• PROBLEM DESCRIPTION:
An exact retyping of all lines below is the answer; pictures do not belong in it.

• RECORDED INFORMATION:
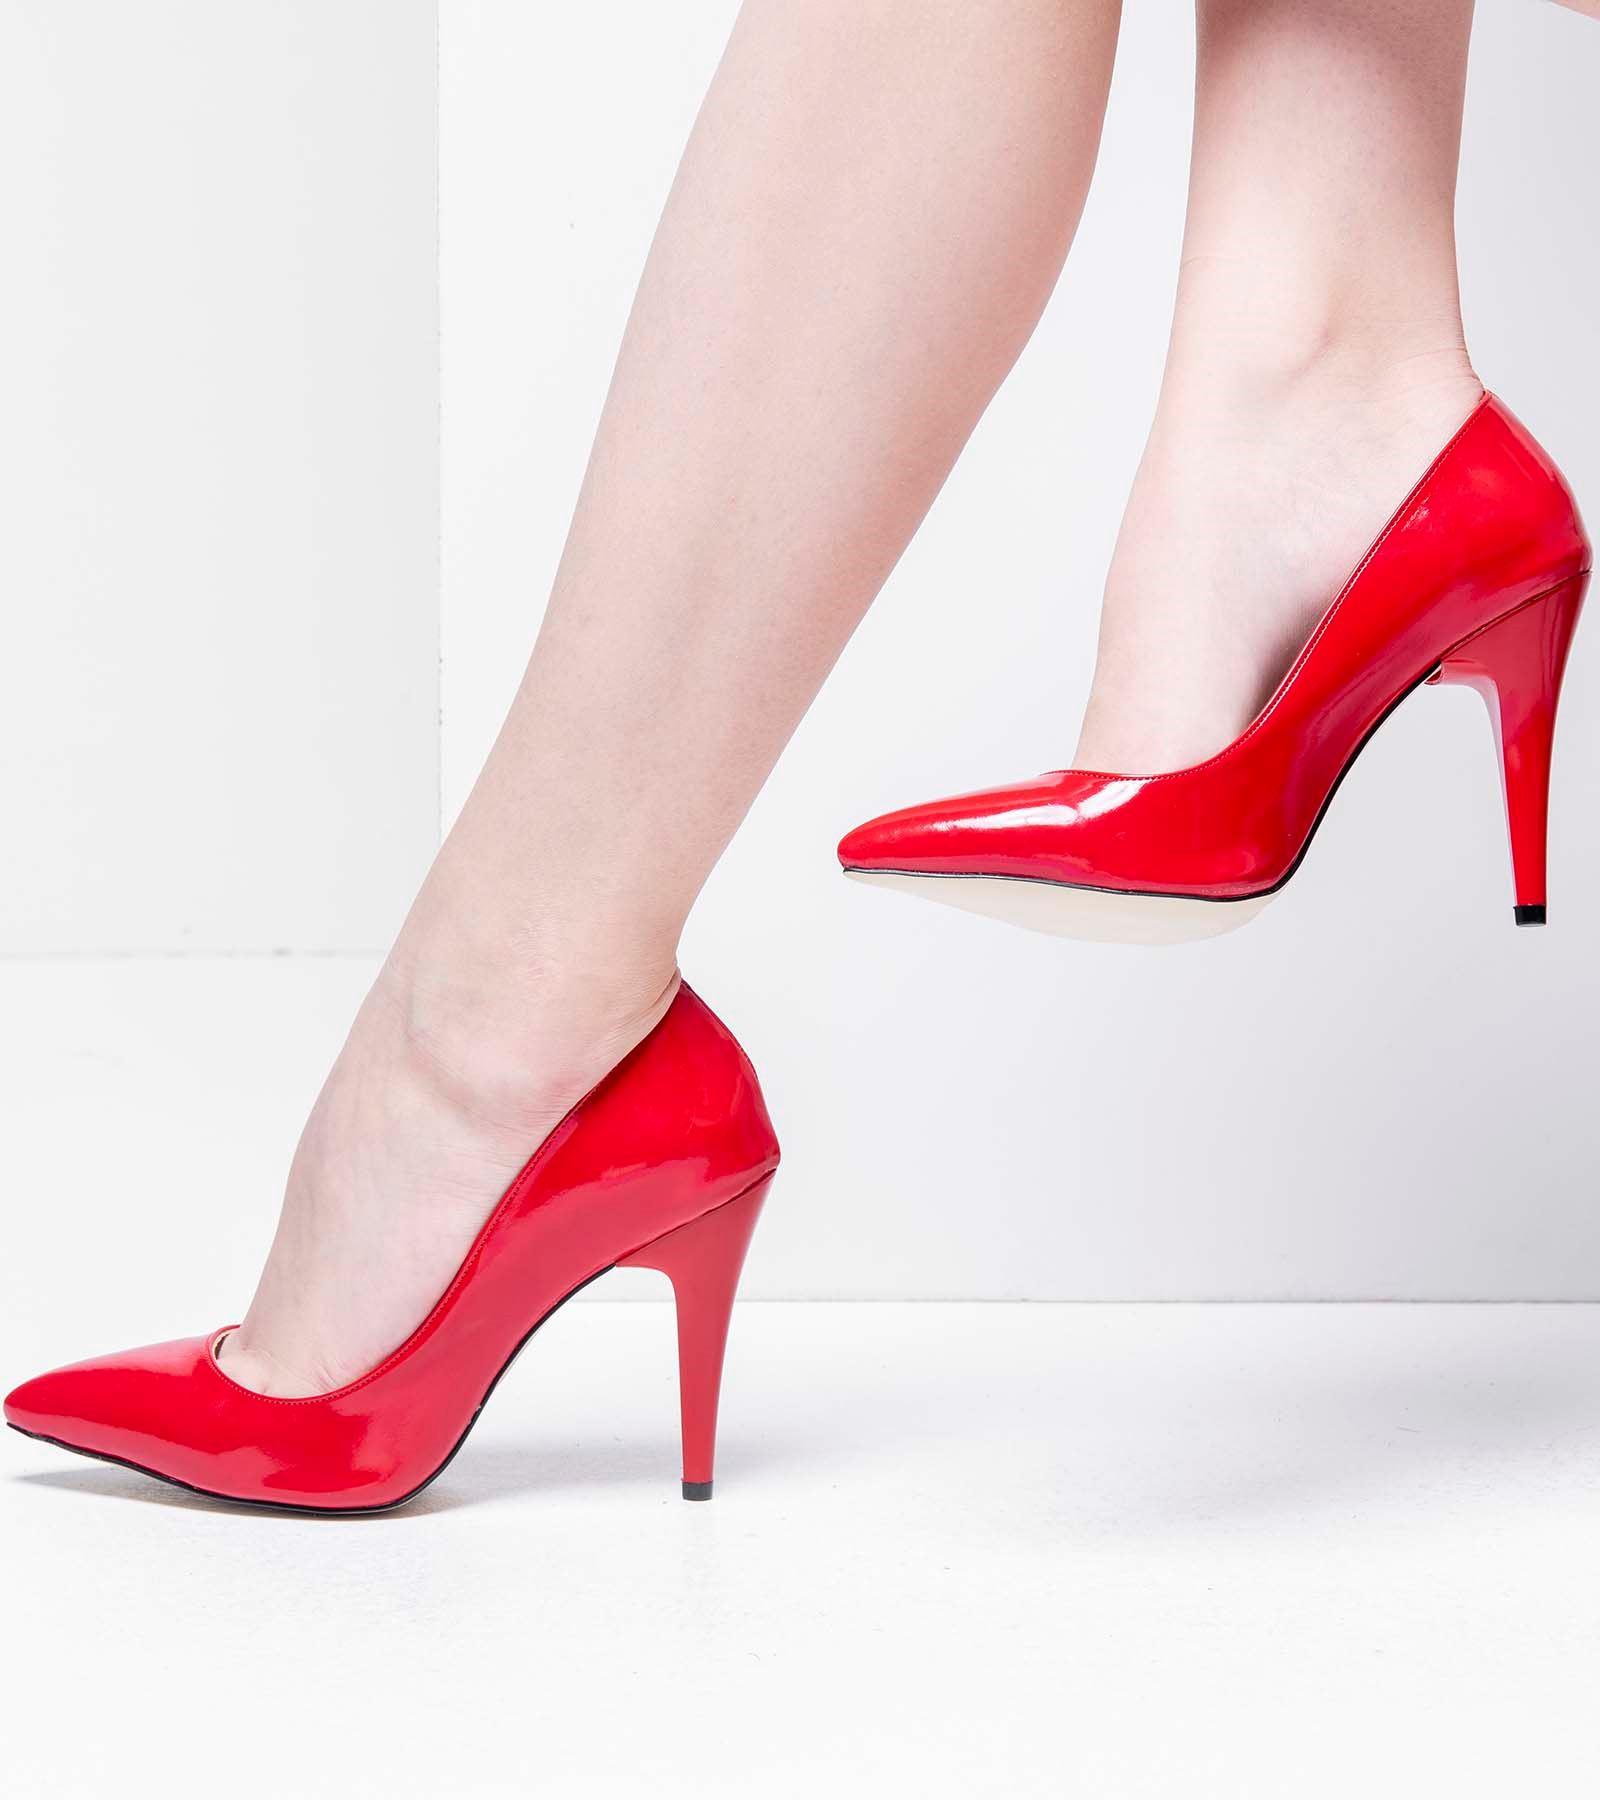 Candy İnce Topuk Rugan Stiletto Kırmızı
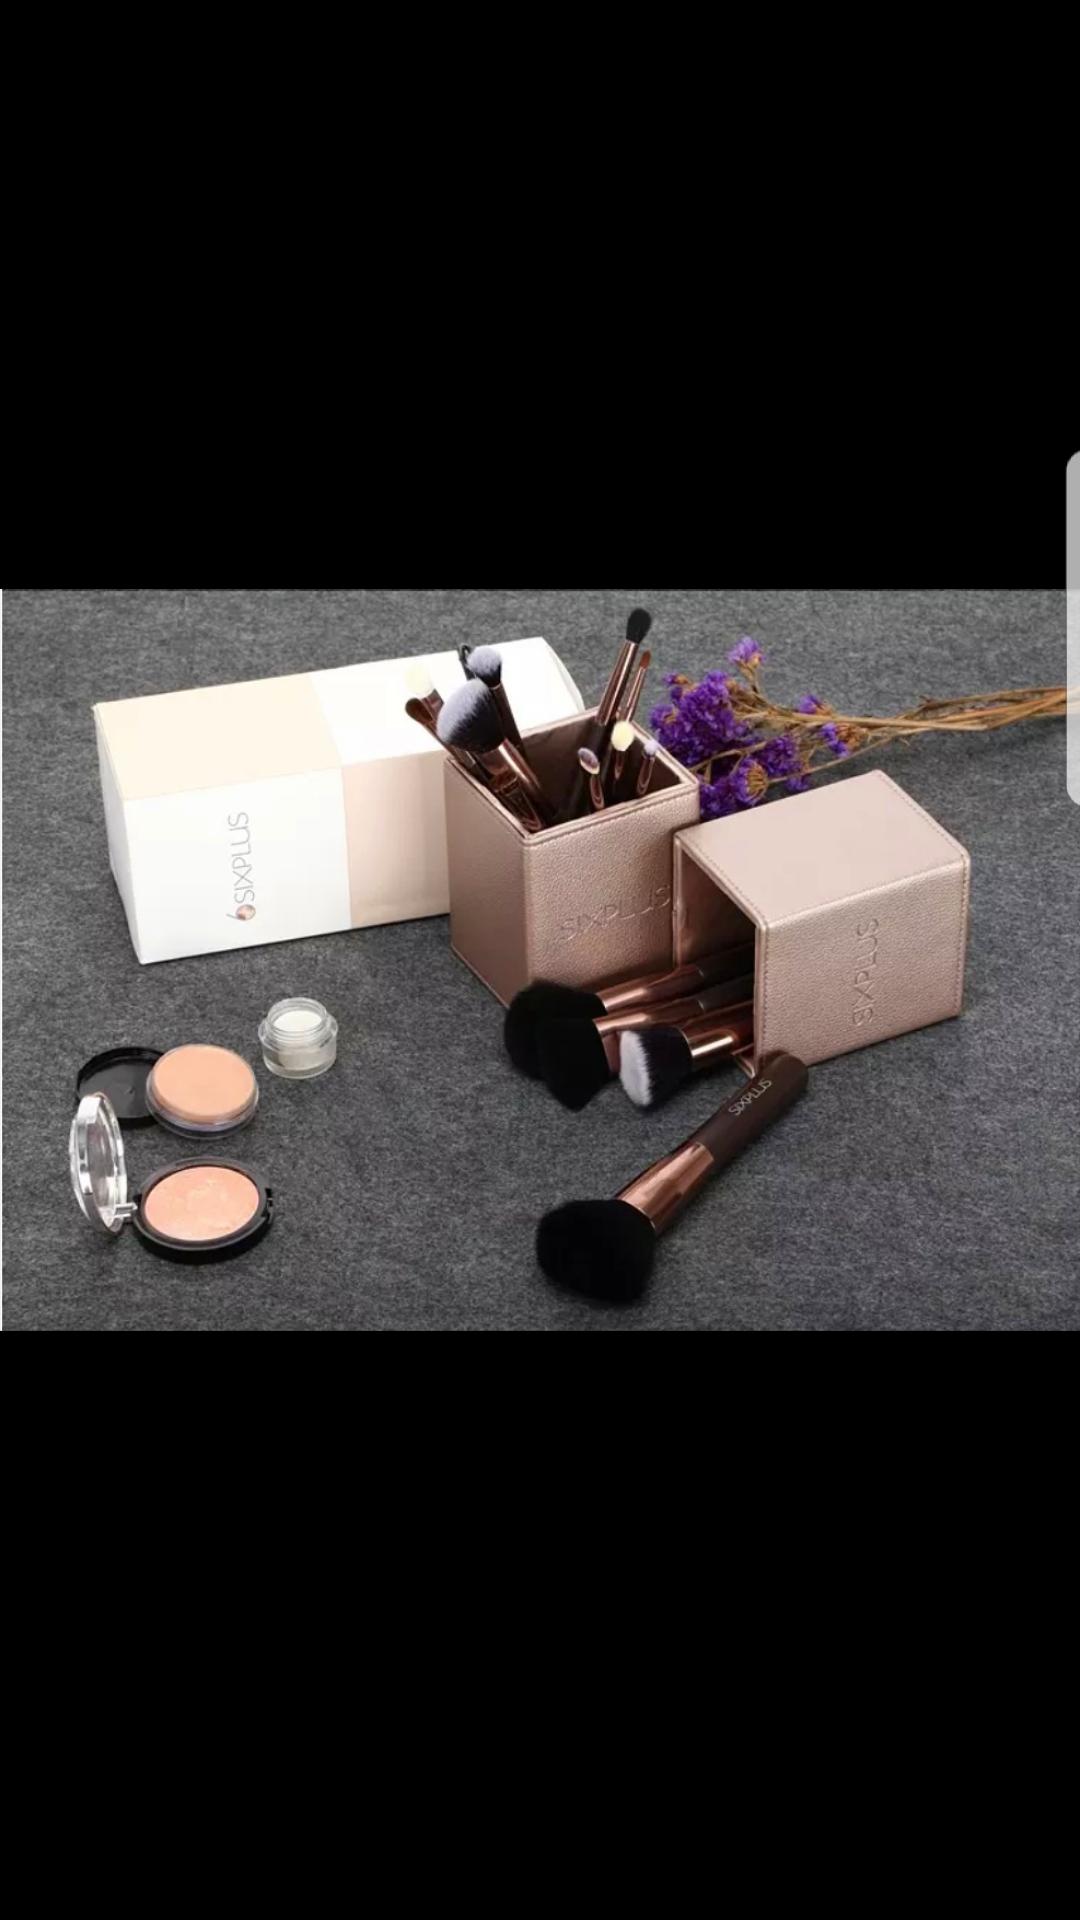 معلومات عن الاإعلان Sixplus makeup brushes 15pcs Coffee
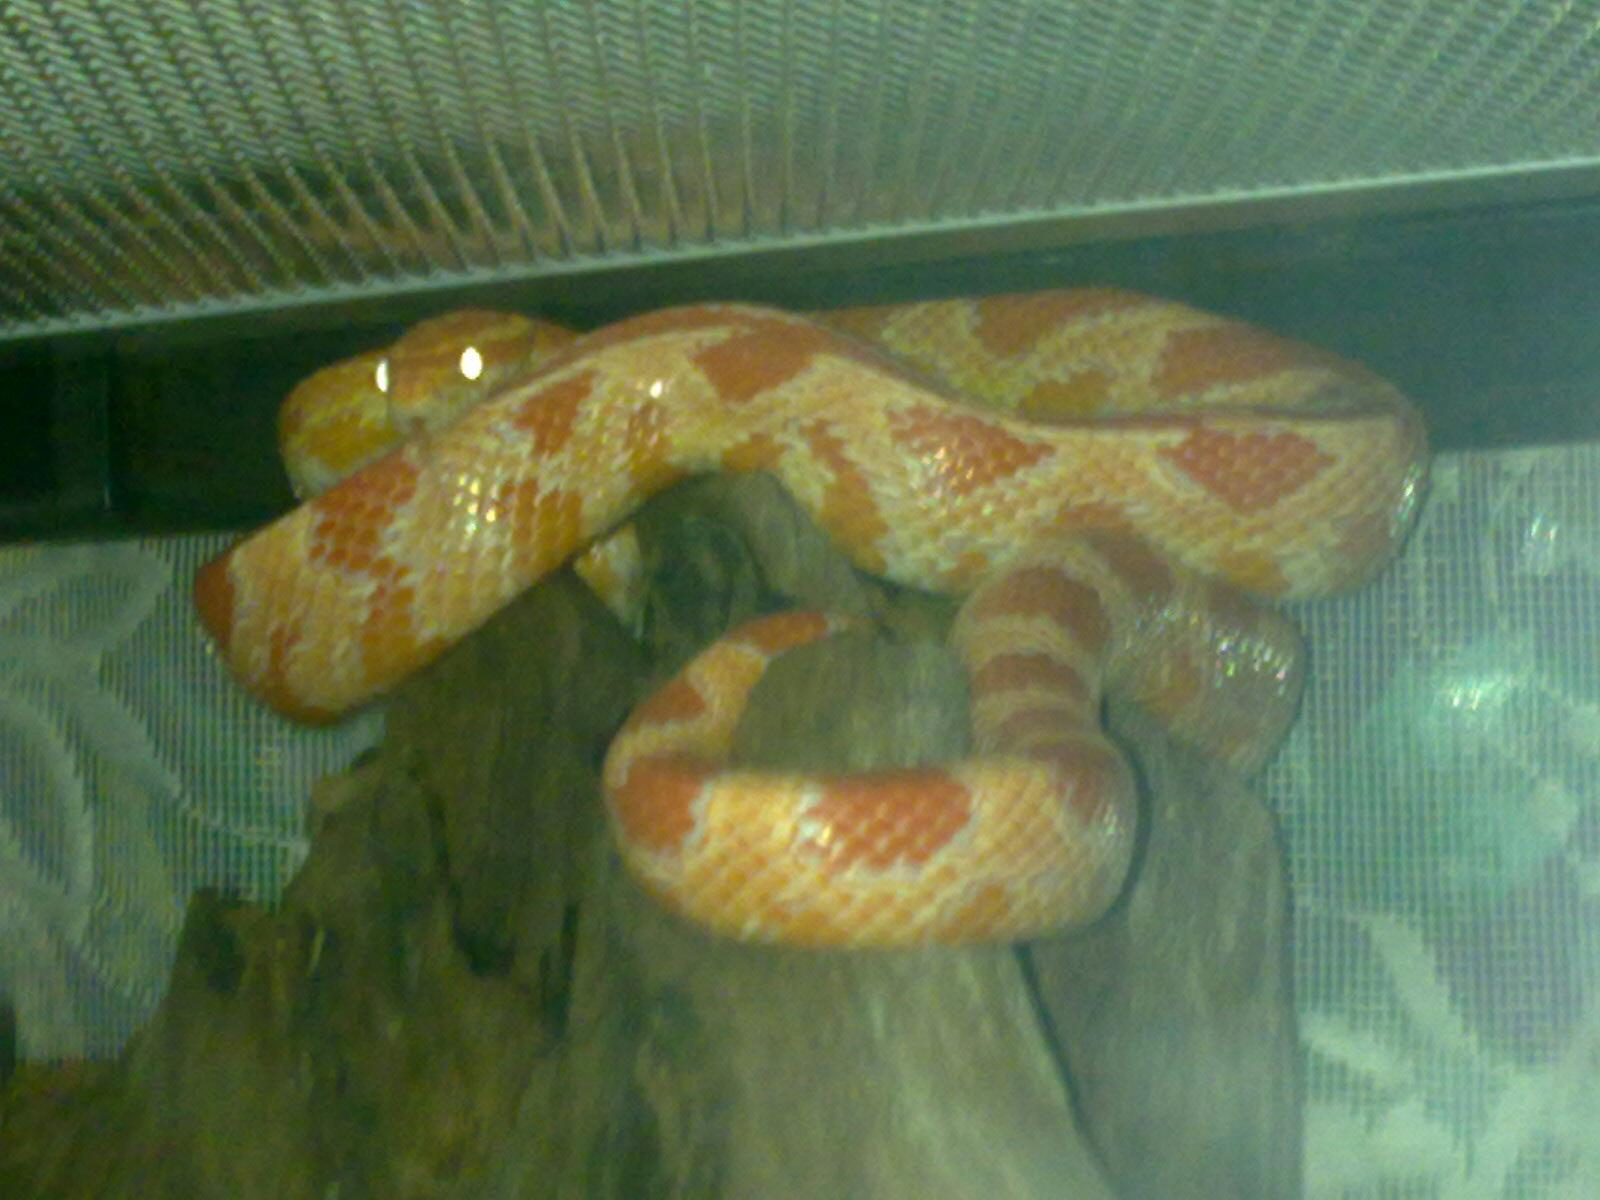 Baby Candy Cane Corn Snake Albino Candy Cane Corn Snake

• RESULT:
 Candy İnce Topuk Rugan Stiletto Kırmızı
 معلومات عن الاإعلان Sixplus makeup brushes 15pcs Coffee
 Baby Candy Cane Corn Snake Albino Candy Cane Corn Snake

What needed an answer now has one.